Культура Zero. Очерки русской жизни и европейской сцены - страница 8
Алкесту играет изумительная польская актриса Магдалена Целецка. Нервная, мятущаяся, неотразимо хрупкая, она кажется единственным живым человеком посреди новоявленных Орестов и Агамемнонов. Во второй части та же Магдалена Целецка сыграет польскую женщину Аполлонию, укрывавшую евреев и погибшую по навету еврейки. Только тогда многочисленные концы этой путаной истории начинают, наконец-то, связываться воедино – и проступает стройный и мощный замысел режиссера.
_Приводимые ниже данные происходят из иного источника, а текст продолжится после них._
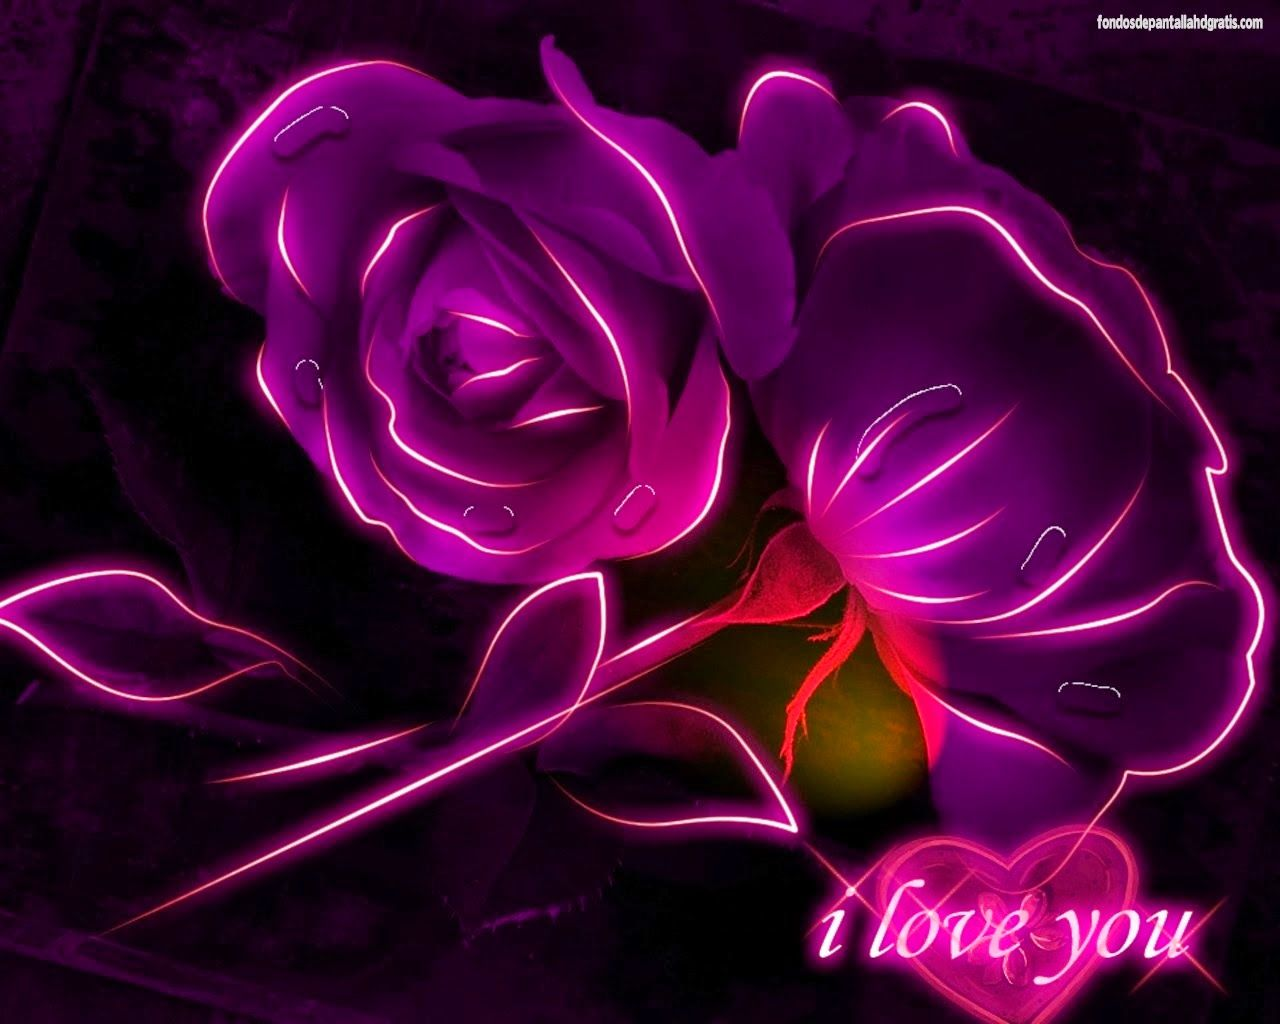 Ver gratis imagenes de amor para fondo de pantalla en 3d 1 - Descargar fondo de pantalla en movimiento gratis ...

Неслучайно холокост рифмуется у него не с мифом об избиении младенцев – где в роли младенцев весь еврейский народ, а в роли воинов Ирода нацистские преступники, – а с античными мифами, и прежде всего с «Орестеей». Варликовский явно пытается доказать, что понятие «жертва» даже при таком, казалось бы, безусловном раскладе сил все равно относительно. Ибо любая из жертв может вдруг оказаться виновником чьей-то смерти: Агамемнон убивает Ифигению, Клитемнестра – Агамемнона, Орест – Клитемнестру. А вот самопожертвование безотносительно. Оно не имеет срока давности. Оно не зависит от смены угла зрения. Оно действительно на все времена. Жертвой может стать каждый. Алкестой или Аполлонией – единицы. Но не на воинственном духе Агамемнона, не на мстительных действиях Клитемнестры или Ореста, не на обвинении в адрес палачей – а только на готовности спасти другого, отправившись в царство Аида, держится мир.
Никакой бытовой и даже государственный антисемитизм не помешал польской культуре осмыслить одно из самых важных и трагических событий XX века. Понять, что Катастрофа была катастрофой не только для евреев, но для всех европейцев. Разглядеть за всем этим макабром непостижимую прежде диалектику расчеловечивания и, наоборот, вочеловечивания людей. Ибо при всех ужасах войны эта гекатомба была воспринята интеллектуалами Польши и всей Европы как чудовищное исключение из правила, генетический сбой во всей европейской цивилизации. Кровавые войны случались и прежде – такой грандиозной бойни, где целая нация была бы приравнена к биологической массе, которую можно не просто уничтожить, но и с пользой оприходовать, – никогда.
Для нас Катастрофа осталась в ряду других катастроф. Их и впрямь было так много, что они сливаются в российском сознании одна с другой. Мясорубка в России XX века стала чем-то привычным. Жизнь людей в лагере – чуть ли не нормой (через них ведь прошла едва ли не треть населения). Переселение народов – будничным событием.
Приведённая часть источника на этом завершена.